Next, to sum the products and divide by $n-1$:

example_data %>%
  summarise(
    prod_sum = sum(prod),
    n = n()
  )

## # A tibble: 1 × 2
##   prod_sum     n
##      <dbl> <int>
## 1    -241.    20

-241.1/(20-1)

## [1] -12.68947

As always, R has a useful function so we don’t have to calculate covariance by hand! We’ll use the cov function to make sure we get the same results.

The function cov takes in two variables x = and y =, in this case we want each example variable in our example_data dataset (ex1 and ex2) as all the other columns and values were made to calculate the covariance formula by hand

cov(example_data$ex1, example_data$ex2)

## [1] -12.68947

As we have a negative covariance value, it means that the values of one variable tend to be observed with values of the opposite sign of the other variable.

You may informally think of a negative covariance value as meaning that the movement in one variable is opposite to the movement of the other variable. For instance:

if X is moving upwards, Y is moving downwards
if X is moving downwards, Y is moving upwards

If we have a positive covariance value, the opposite is true: the movement in one variable is the same to the movement of the other variable.

Correlation ($r$)

Correlation can be thought of as a standardised covariance. It ranges from $-1$ to $+1$, on which the distance from zero indicates the strength of the relationship. Similar to covariance, positive/negative values reflect the nature of the relationship.

Correlation coefficient

The correlation coefficient is a standardised number which quantifies the strength and direction of the linear relationship between 2 variables:

in a population, it is denoted by the Greek letter $\rho$ (“rho”)
in a sample, it is denoted by $r$

Formula

To calculate $r$, we use the following formula:

\[ r_{x,y} = \frac{\text{Cov}(x,y)}{s_x s_y} \] This can be expanded to:

\[ r_{x,y} = \frac{\frac{\sum{(x_i - \bar{x})(y_i - \bar{y})}}{n-1}}{\sqrt{\frac{\sum{(x_i - \bar{x})}^2}{n-1}} \sqrt{\frac{\sum{(x_i - \bar{x})}^2}{n-1}}} \]
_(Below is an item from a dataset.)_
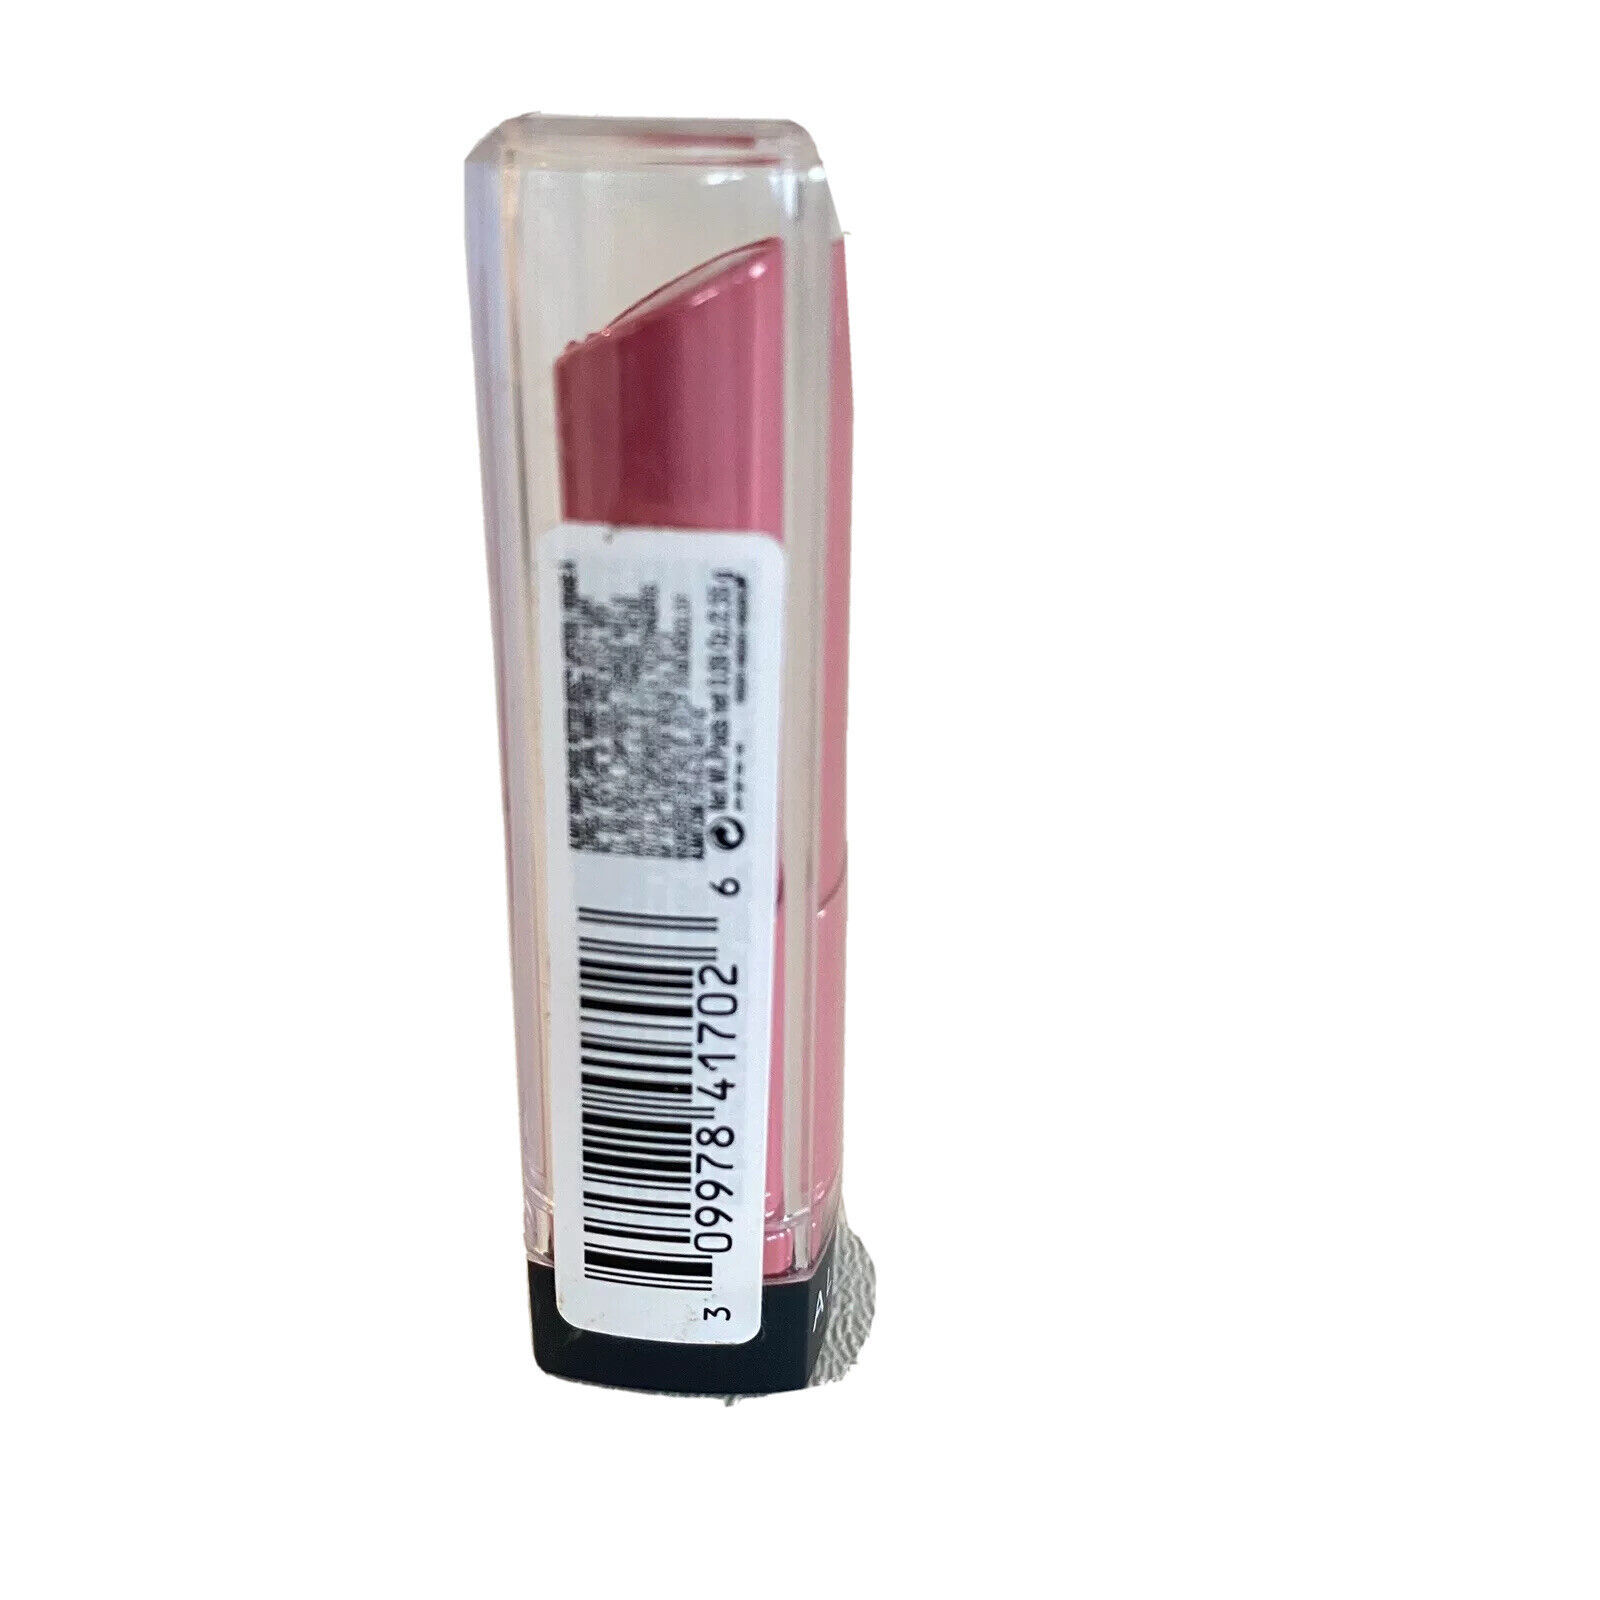 Almay Smart Shade Butter Kiss Lipstick 20 Pink Light Cosmetic Makeup USA New - $9.89

But don’t fret! This can be rearranged to:

\[ r_{x,y}=\frac{1}{n-1} \sum \left( \frac{x_{i}-\bar{x}}{s_x} \right) \left( \frac{y_{i}-\bar{y}}{s_y} \right) \] This rearranged formula is very similar to the formula for covariance, but the values $(x_i-\overline{x})$ are divided by the standard deviation $(s_x)$, as are the values $(y_i - \overline{y})$ divided by $s_y$.

In other words, your are multiplying the z-scores of $X$ and the z-scores of $Y$

\[ r_{x,y}=\frac{\sum z_{x_i} z_{y_i}}{n-1} \]

This standardises all the values so that they are expressed as the distance in standard deviations from their means ($\overline{x}$ and $\overline{y}$).

Properties of correlation coefficients

$-1 \leq r \leq 1$
The sign indicates the direction of association
- positive correlation ($r > 0$) means that the values of one variable tend to be higher when values of the other variable are higher
- negative correlation ($r < 0$) means that values of one variable tend to be lower when values of the other variable are higher
- no linear correlation ($r \approx 0$) means that the higher/lower values of one variable do not tend to occur with higher/lower values of the other variable
The closer $r$ is to $\pm1$, the stronger the linear relationship
$r$ has no units and does not depend on the units of measurement
The correlation between $x$ and $y$ is the same as the correlation between $y$ and $x$

Correlation example

Earlier, we calculated that $\text{Cov}(ex1,ex2) = -12.689$. To calculate the correlation, we simply divide this number by the standard deviations of the two variables.

example_data %>%
  summarise(
    s_ex1 = sd(ex1),
    s_ex2 = sd(ex2)
  )

## # A tibble: 1 × 2
##   s_ex1 s_ex2
##   <dbl> <dbl>
## 1  6.98  17.8

-12.689/(6.981932*17.78904)

## [1] -0.1021643

We can also use the cor() function to calculate our correlation coefficient:

cor(example_data$ex1, example_data$ex2)

## [1] -0.1021681

The numbers are the same (phew). But what does this value mean? As stated above, a negative $r$ value indicates that as one variable increases, the other decreases. Also note, this value of -0.102 is close to 0, so the relationship is very small.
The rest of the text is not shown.